Разумеется, царская власть не могла все время только ограничивать адвокатуру (это привело бы к ее упразднению и скомпрометировало бы верховную власть перед общественным мнением страны и мира). Иногда, в редчайших случаях, она делала жесты или даже шаги навстречу адвокатуре. Самый важный из них был сделан в преддверии революции 1905 г. В то время, наряду с кризисом «низов», Россия переживала нараставший кризис «верхов». После того как 15 июля 1904 г. бомбой эсера Е.С. Созонова был убит министр внутренних дел В.К. Плеве, новый министр князь П Д. Святополк-Мирский смягчил репрессивно-охранительный курс правительства и, стремясь привлечь на сторону царизма буржуазную оппозицию, заговорил о «взаимном доверии», обещал реформы. В обстановке этой, как выражалась тогда либеральная пресса, «эпохи доверия» царизм впервые после 1874 г. открыл новые Советы присяжных поверенных — в дополнение к первым трем (Петербургскому, Московскому, Харьковскому), учрежденным за 30 лет перед тем, еще шесть: 21 июля 1904 г. — Новочеркасский, 10 ноября — Казанский, Одесский, Саратовский, 24 ноября — Иркутский и Омский[47].

В общем же, конечно, власть с начала и до конца старалась держать российскую адвокатуру, что называется, в ежовых рукавицах. Адвокатура рассматривалась не только как правовой институт, но и просто как средоточие неблагонадежных элементов, потенциальных, если еще не раскрывшихся, врагов, вдвойне опасных потому, что они держатся на почве закона[48]. Уже в 1869 г. III отделение доложило царю о присяжных поверенных: «К корпорации последних стали в особенности примы­кать лица, недовольные правительством»[49]. С тех пор и до 1917 г. царский сыск держал чуть ли не всю корпорацию, включая ее корифеев, под своим недреманным оком, вовремя подводя самых недовольных и под карающий меч.

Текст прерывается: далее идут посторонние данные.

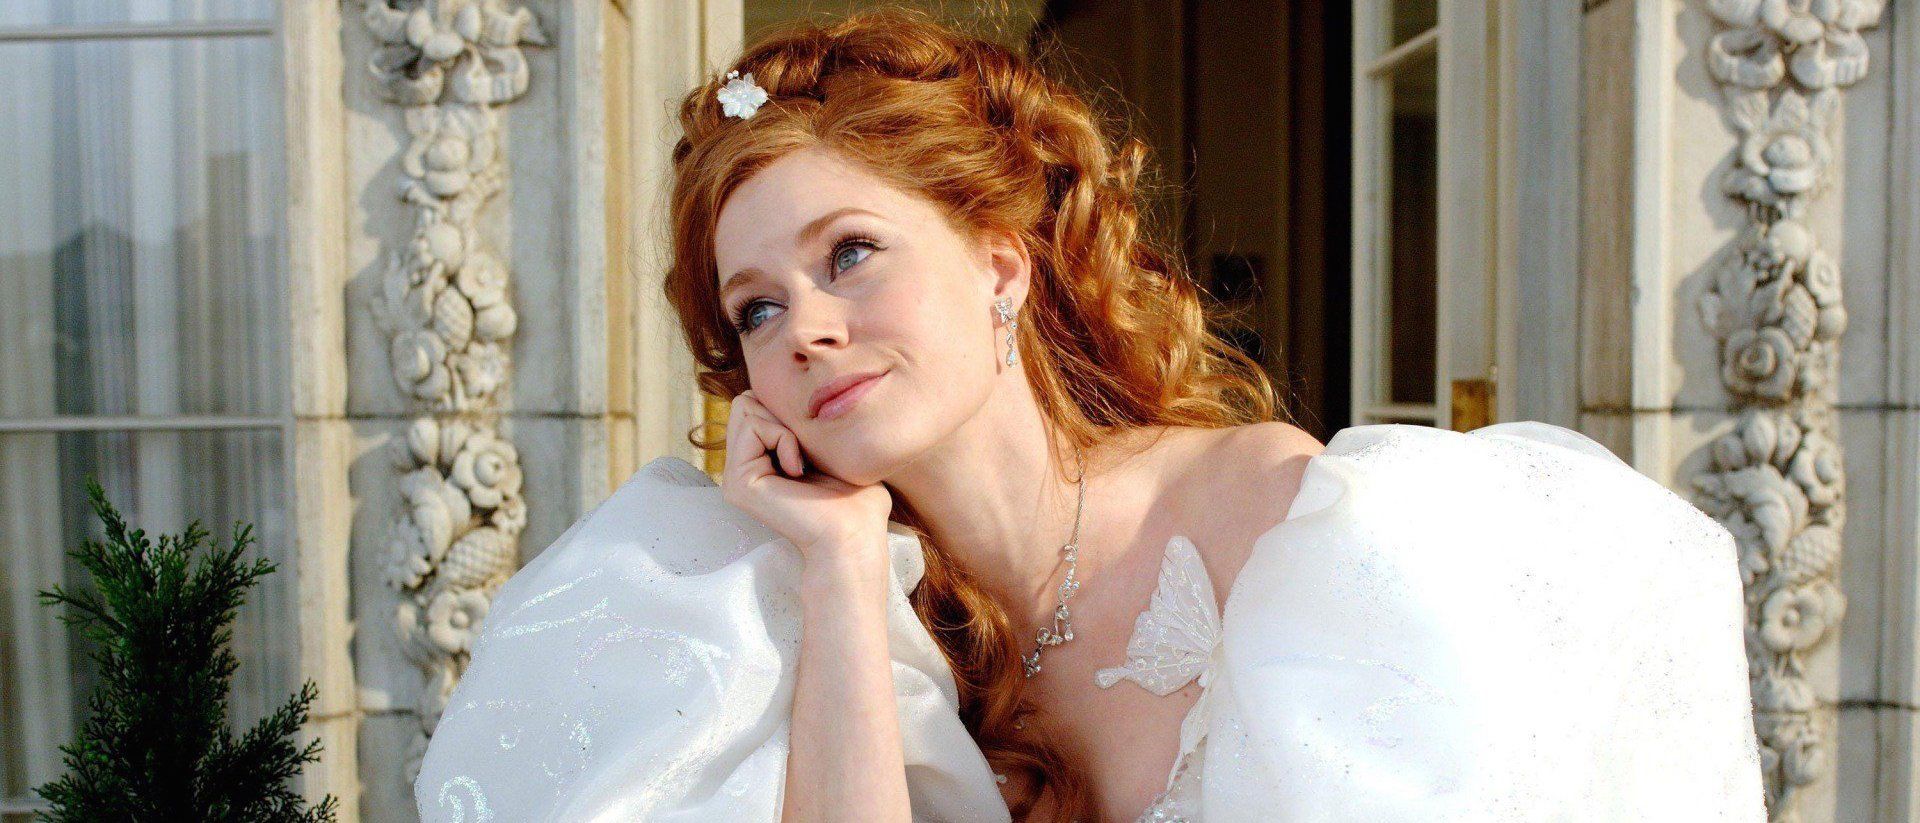 You can now channel Emma Stone with this enchanting wedding dress

В архивах III отделения и Департамента полиции хранятся специальные досье о «наблюдении» за ВД. Спасовичем, Д.В. Стасовым, Н.К. Муравьевым, А.А. Куперником, М.Л. Мандельштамом, Н.П. Шубинским и многими другими[50]. Из других документов явствует, что под жандарм­ским надзором в разное время находились десятки авторитетных адво­катов: Ф.Н. Плевако, Н.П. Карабчевский, ПА. Александров, А.И. Урусов, А.М. Унковский, А.С. Зарудный и др. Только в тетрадях агента-разведчика «Народной воли» Н.В. Клеточникова за 1879 г. названы 11 присяжных поверенных, за которыми жандармы вели слежку (среди них — А.Н. Герард, Г.В. Бардовский, Е.И. Утин, А.А. Ольхин)[51].

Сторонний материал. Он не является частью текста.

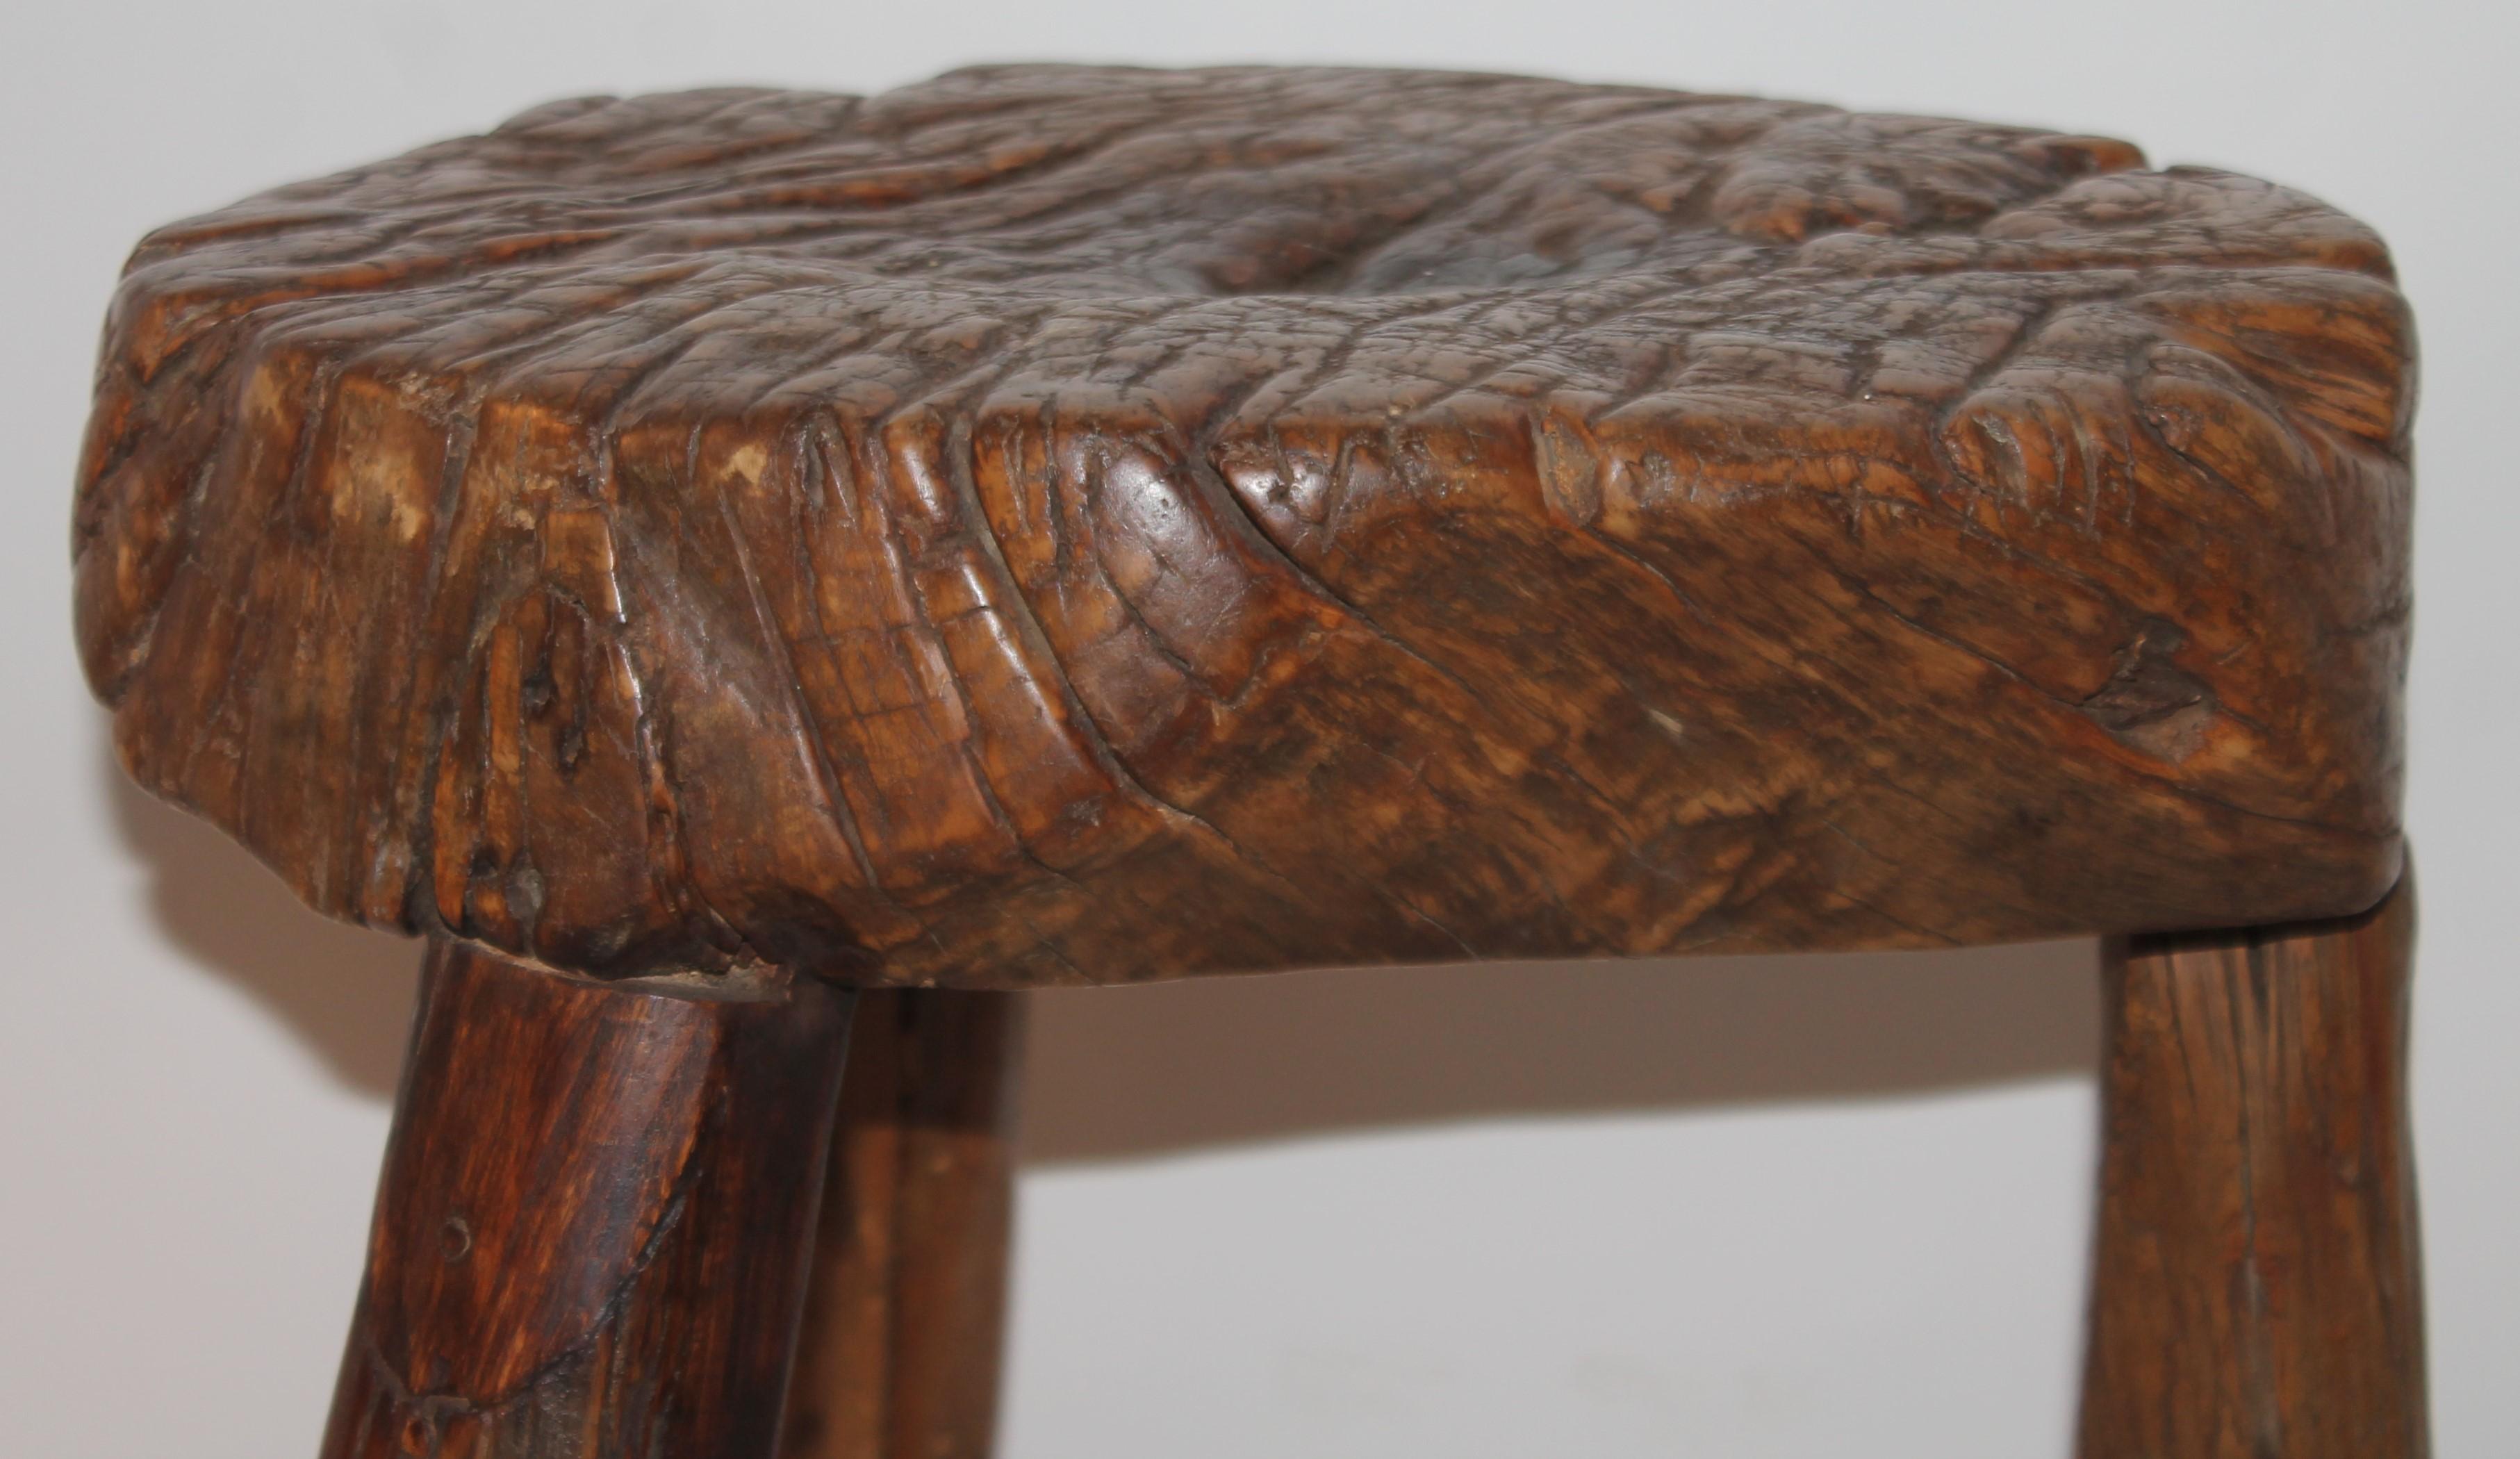 Hand-Crafted 18th C Plank Wood Stool

Поднадзорные адвокаты часто подвергались обыскам и арестам, иногда с последующей высылкой — вплоть до Сибири. Из корифеев адвокатуры так пострадали А.И. Урусов в 1872 г., В.Ф. Леонтьев в 1878 г.; Г.В. Бардовский в 1879 г., Д.В. Стасов в 1879 и 1880 гг., Н.Д. Соколов в 1896 и 1903 гг., Н.К. Муравьев и Н.В. Тесленко в 1898 г., М.Ф. Волькенштейн в 1902 г., П.Н. Переверзев в 1904 г., Е.И. Кедрин, М.Б. Ратнер, А.Е. Кальманович в 1905 г., М.Л. Мандельштам в 1906 г., А.С. Зарудный в 1907 г. Только из Москвы за два года (1902—1904), пока Министерством внутренних дел управлял В.К. Плеве, были высланы 12 адвокатов[52]. В Иркутске в 1906 г. был арестован весь состав Совета присяжных поверенных[53].

По моим (полагаю, неполным) подсчетам, 64 адвоката в разное время были преданы суду за «государственные преступления»: из них 23 (в том числе С.А. Муромцев, Е.И. Кедрин, М.М. Винавер, А.Р. Аедницкий) — по громкому делу о Выборгском воззвании 1906 г.[54] и 25 (среди них — А.Ф. Керенский, Н.Д. Соколов, Б.Г. Лопатин-Барт) — по т. н. «адвокатскому процессу» 1914 г. в связи с протестом общего собрания присяжных поверенных Петрограда против возбуждения провокационного дела М.Т. Бейлиса (суд квалифицировал этот протест как «наглое обвинение государственной власти»[55]). Царский суд некоторых адвокатов оправдал, большинство — препроводил в тюрьмы и ссылку, а присяжных поверенных ЕС. Семяновского и В.А. Жданова — на каторгу.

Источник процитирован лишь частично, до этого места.